If we are holding on to anger or resentment towards ourselves, we are obstructing ourselves from true unrequited love for ourselves.
Loving ourself deeply means that we can easily move on and forgive from mistakes we’ve made.
The Hawaiian Honopono Prayer https://graceandlightness.com/hooponopono-for-forgiveness/ (thank you Sarah Hudgings for introducing me to this) is a great way to forgive ourselves for the way we’ve treated ourselves over our life time.
5. Believe in yourself
At 50, so many people I have spoken with seem to have one thing in common when talking about past broken relationships. One thing.
We didn’t trust our instincts. We didn’t believe in ourselves. We gave our power and sovereignty away. To a person (myself included) – we wish we could go back and say – “this. This moment? This is the moment to fully trust yourself.
This is the gift that we give ourselves. To love ourselves. We are there to show our selves. Our minds. Our bodies. Our souls. To show ourselves our value when those parts of us cannot see it within us.
If we encourage and show trust for ourself – for our inner loved one- remember that the goodness of our actions will resonate inside of us and charge us like a battery with an unending source.
6. Be loyal
We choose others because we believe that they are the one. However, if we do not believe WE are the one and we aren’t loyal to our authentic selves, if we aren’t supportive of our inner selves – it will likely result in sacrificing ourselves for others.
The article this was sourced from points out that “One act of cheating or infidelity can ruin your relationship for never to heal again.”
One act of not being in line with our values will make it that much more difficult to heal again.
We may not heal that OTHER external relationship when infidelity is involved. But when we aren’t loyal to ourself? That can be healed. See #4 (Forgive yourself) above.
7. Tell ourselves why we love ourselves every day
We often think that we don’t need to be emotionally expressive, but “I love you” is a powerful statement. Use it to nurture our love for ourselves. Journal each day – even if we just say “I love you.” Look in the mirror each day and tell ourself “I love you.”
Still wondering how to love yourself?
Tell yourself all the possible reasons you love yourself – personally in a conversation with yourself, write yourself a letter, journal; whatever works – and see the magical results in your relationship with yourself
8. Accept our mistakes
We are all humans, and we make mistakes.
Make sure to hold ourselves accountable for your improper behavior towards ourselves and admit when we are wrong. When we don’t trust ourselves. When we aren’t loyal to ourselves.

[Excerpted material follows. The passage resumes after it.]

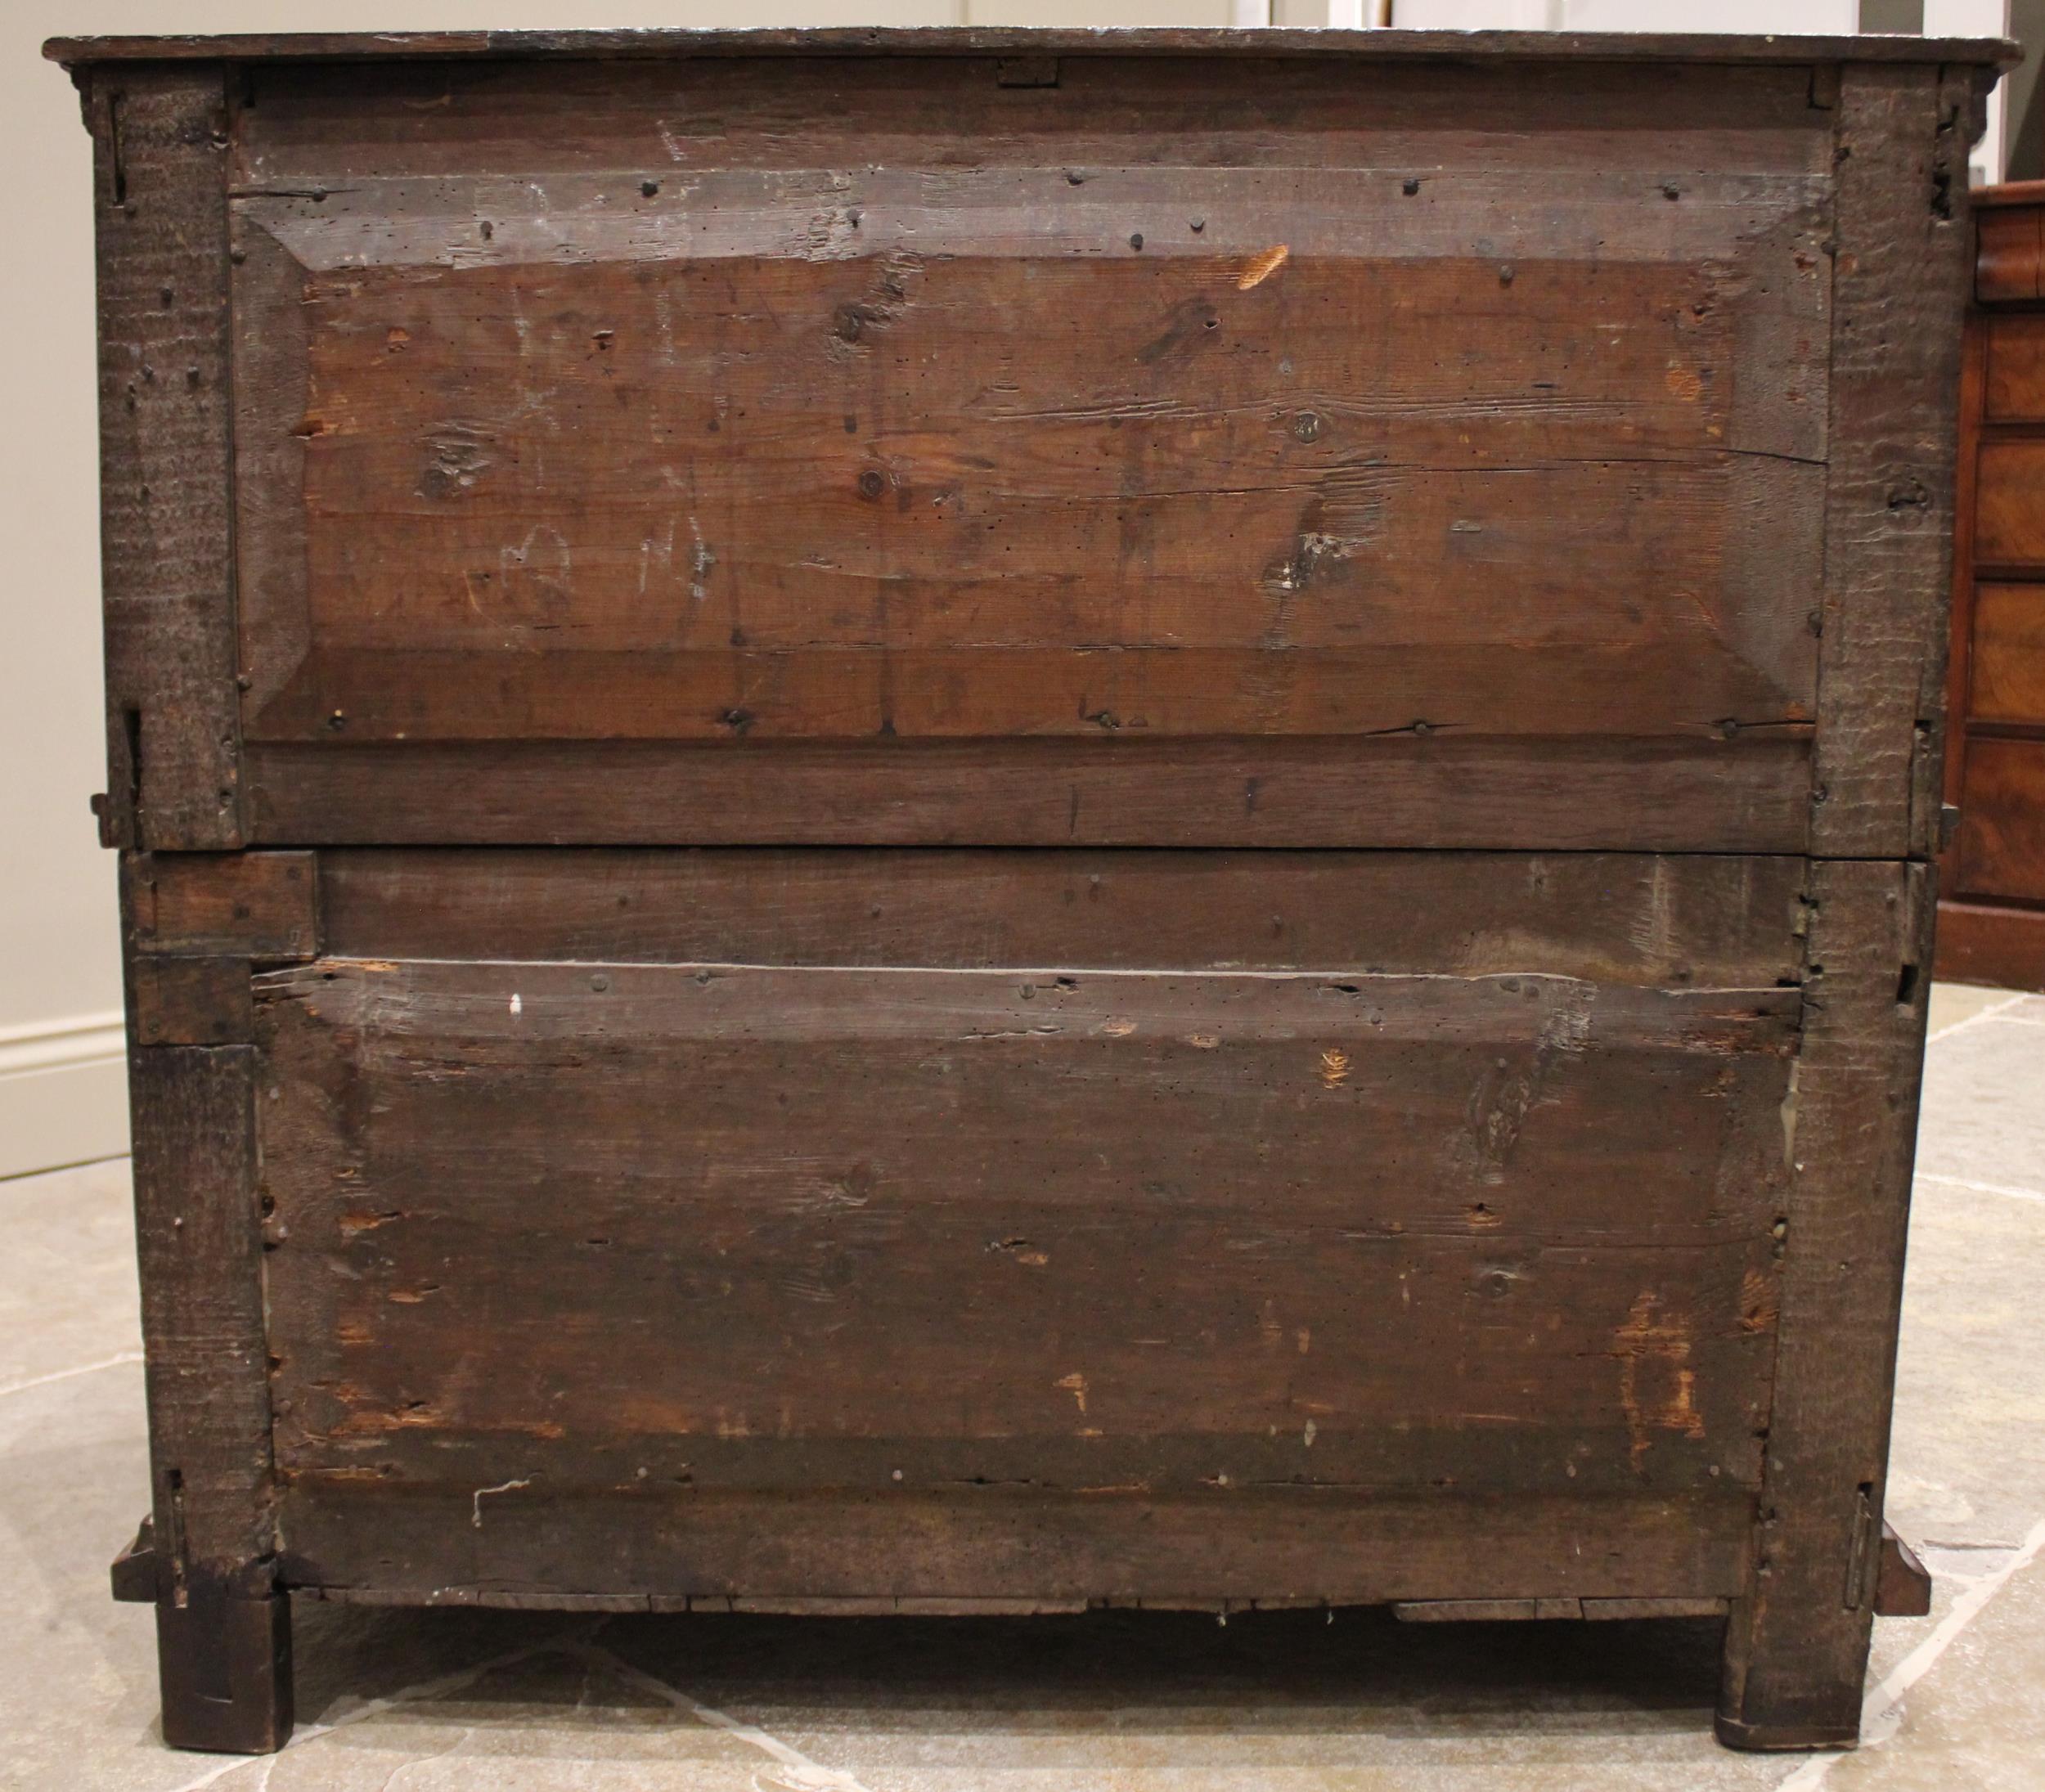 A late 17th/early 18th century two section oak chest of drawers, the upper section with a - Image 2 of 3
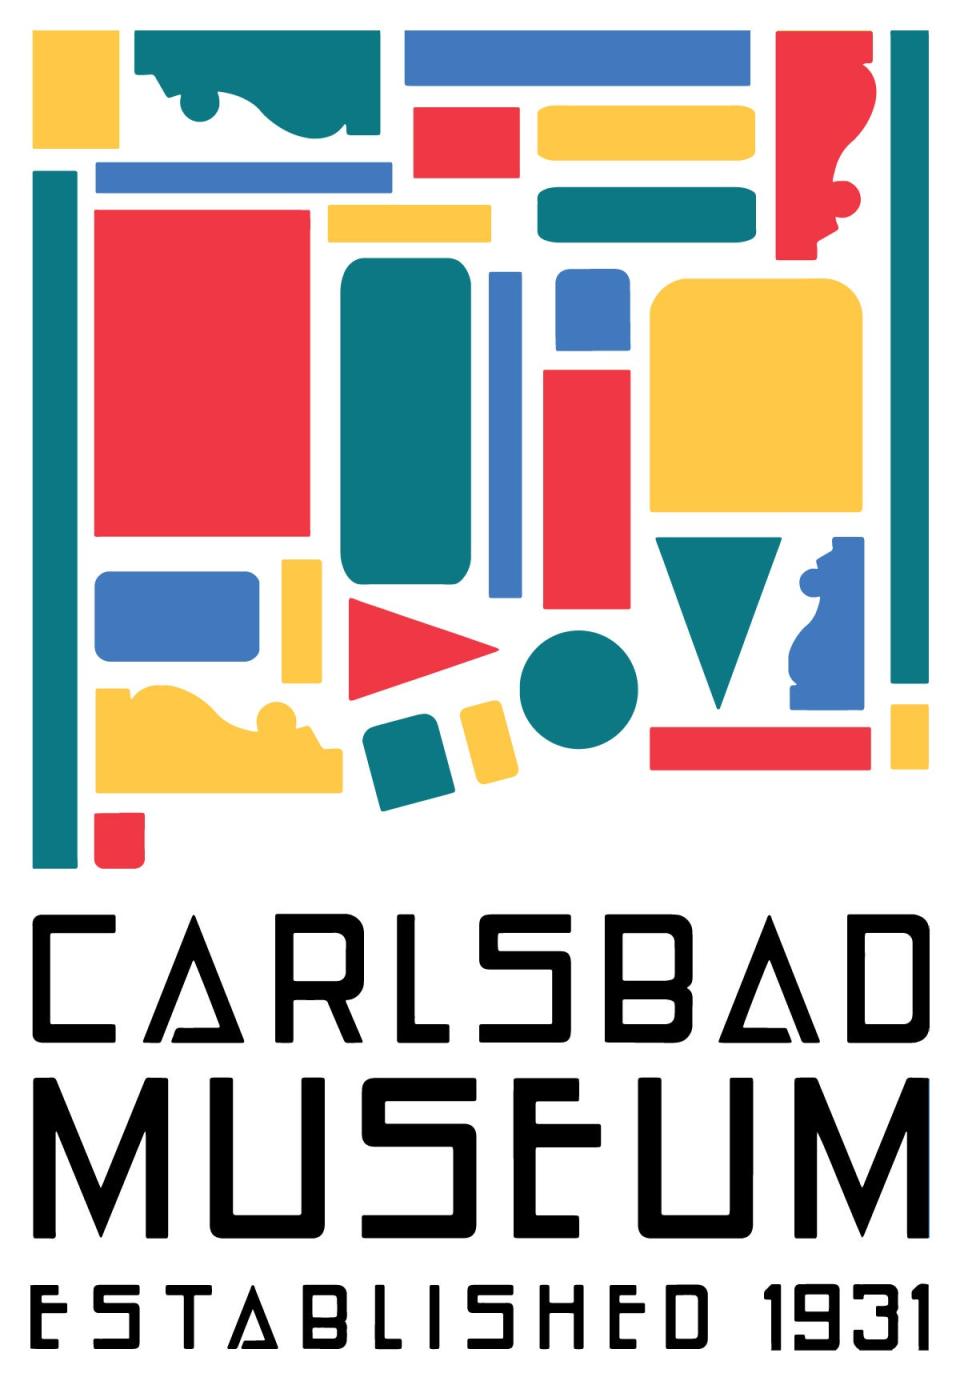 The new Carlsbad Museum logo designed by Jameson Lucas IV.

This pairs with forgiveness. Accept those times we didn’t love ourselves. Acknowledge it; forgive ourselves – and then “begin again.” Repeat.
Doing so will encourage us to continue to do this more, which in turn will make our relationship with ourselves grow in health with time.
9. Apologize
Many people think that “I am sorry” is the hardest word to say. It shouldn’t be.
It’s hard to say it to someone else for sure. But no one considers how hard it is to say to ourselves.
To ask ourself for forgiveness.
In the process of learning how to love ourselves, we will make mistakes and learn not to repeat them on the way. Sometimes that will take longer. Sometimes it will only take once.
Apologize. Accept the mistake. Forgive ourselves. Repeat.
10. Love ourselves for who we are
How to love ourselves deeply?
There is no better way than to love ourself the way we are and accept ourself totally—this way; we give room to our inner selves to grow and become a better person.